The Story
Why it exists.
The beginning
Balance arrived in 2020 as part of The Phluid Project's debut fragrance collection, five scents released without gender prescriptions. Each fragrance in the lineup was designed to be chosen by feel, not by aisle. Balance found its concept in the idea that composure and calm aren't the same thing, one is earned, the other is chosen. The brief given to perfumer Ilias Ermenidis appears to have been simple: make something that settles the way a deep breath does. Not sedate. Not passive. Just present. The name came first, the fragrance built around it, a rare inversion in perfumery, where usually the scent dictates the story. Here, the story preceded the formula, which meant the composition had to deliver on a promise that exists entirely in the mind: equilibrium, self-acceptance, the exhale after a difficult hour.

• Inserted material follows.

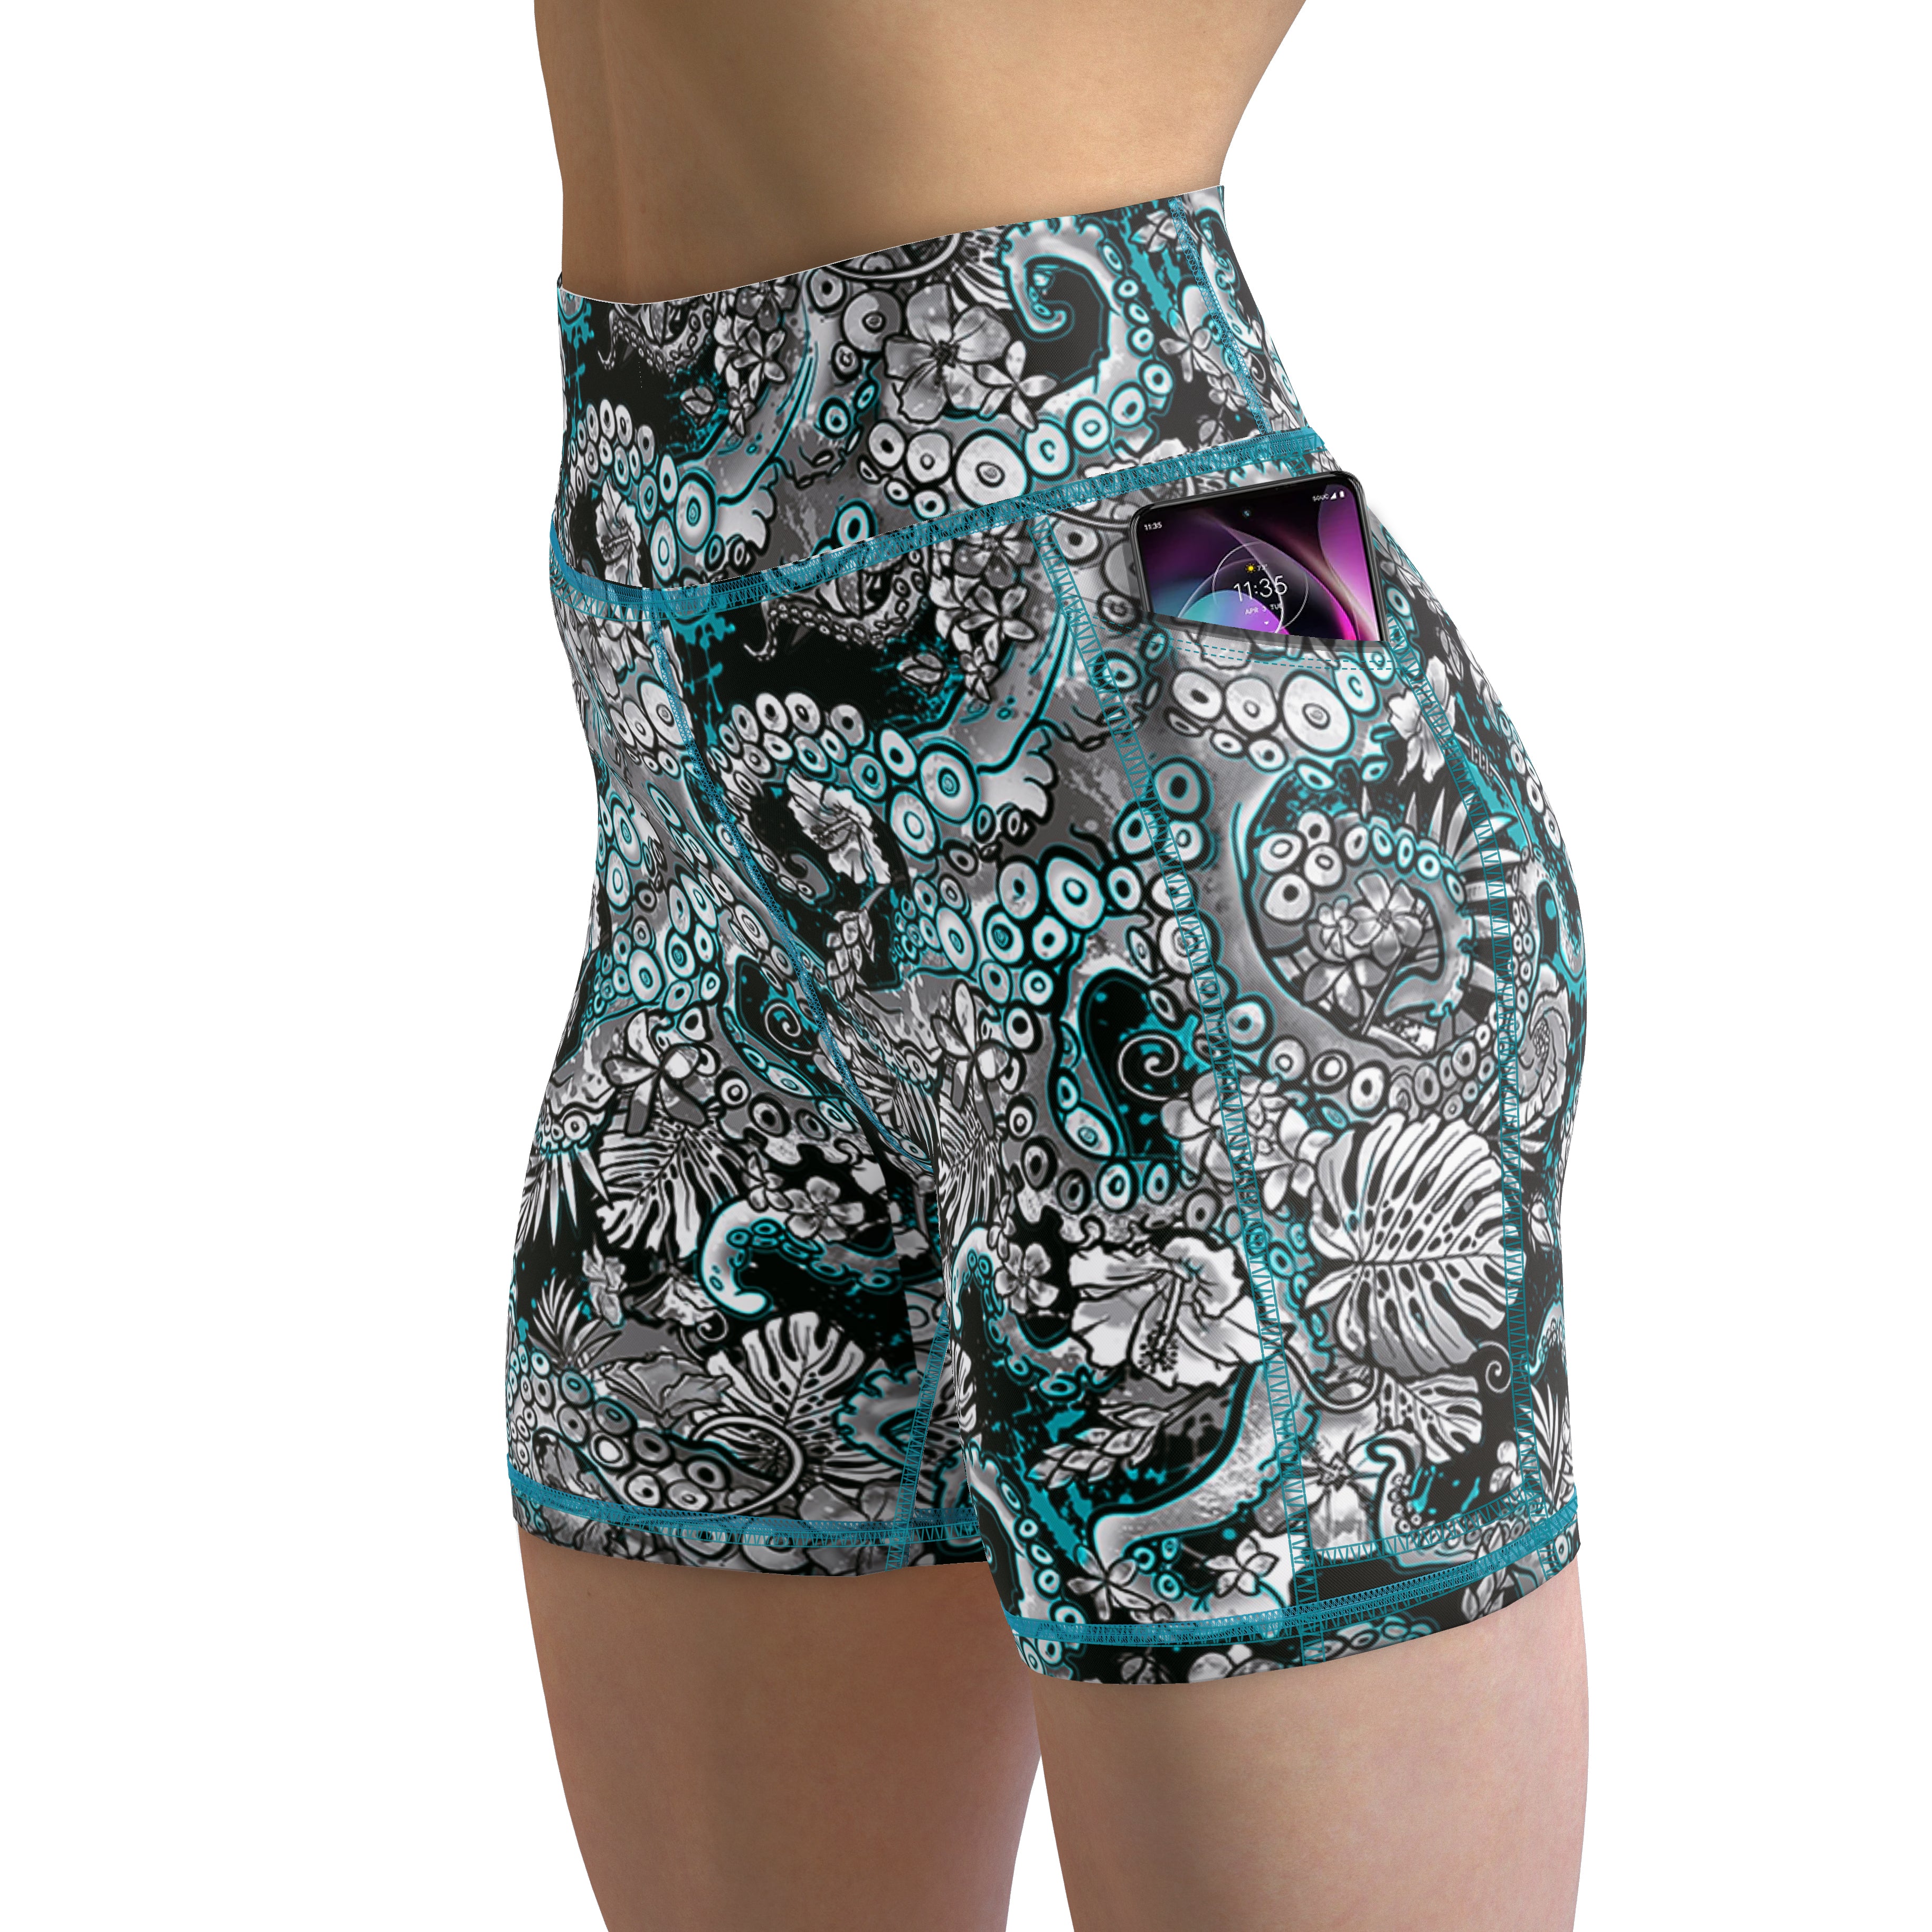 Eco-Friendly Octopus Shorts – Spacefish Army

The pairing of black tea and clary sage as a heart is the decision that defines Balance. Neither material is especially common in contemporary fragrance as a focal point, tea often plays supporting roles in aquatic or fresh compositions, while clary sage reads more as an aromatic nuance than a leading note. Together, they create a middle act that resists the usual sweetness or warmth expected in this category. It's the kind of heart that asks you to slow down while you're smelling it. The top notes, cardamom and grapefruit, do the expected work of brightness, but the real intention sits in the center, where the fragrance spends most of its time on skin.
The evolution
Grapefruit hits first. Sharp, immediate, almost astringent, the kind of opening that clears the air. Cardamom arrives alongside it, adding a soft spice that tempers the citrus without sweetening it. Within fifteen minutes, the grapefruit begins to recede and the black tea takes over, pulling the fragrance into a cooler, quieter register. Clary sage adds a faint herbal quality, but it reads more as atmosphere than presence. The transition from top to heart happens quickly, there's no dramatic handoff, no moment where one phase dies so another can live. The drydown is where Balance earns its name. Cedar and vetiver arrive without ceremony, settling into the skin like a base layer. The projection drops to intimate. What lingers is dry wood and earth, faint tea, the memory of citrus that no longer exists on the surface. On fabric, the cedar holds longer, four to six hours depending on the material. On skin, the full arc tends toward the shorter end of moderate.
Cultural impact
Balance arrived in 2020 during a period of significant cultural reckoning around gender, identity, and representation in the beauty industry. The Phluid Project positioned itself as a gender-free brand from inception, and its fragrance line embodied that philosophy without compromise. The scent's restrained tea-forward profile and avoidance of overtly masculine or feminine archetypes represented a deliberate counterpoint to the binary marketing that had dominated fragrance for decades. Community reception on fragrance forums reflects appreciation for its understated approach to fresh-woody composition, with users frequently noting that it 'doesn't smell like anything trying too hard.' This quiet confidence mirrors the brand's broader cultural stance.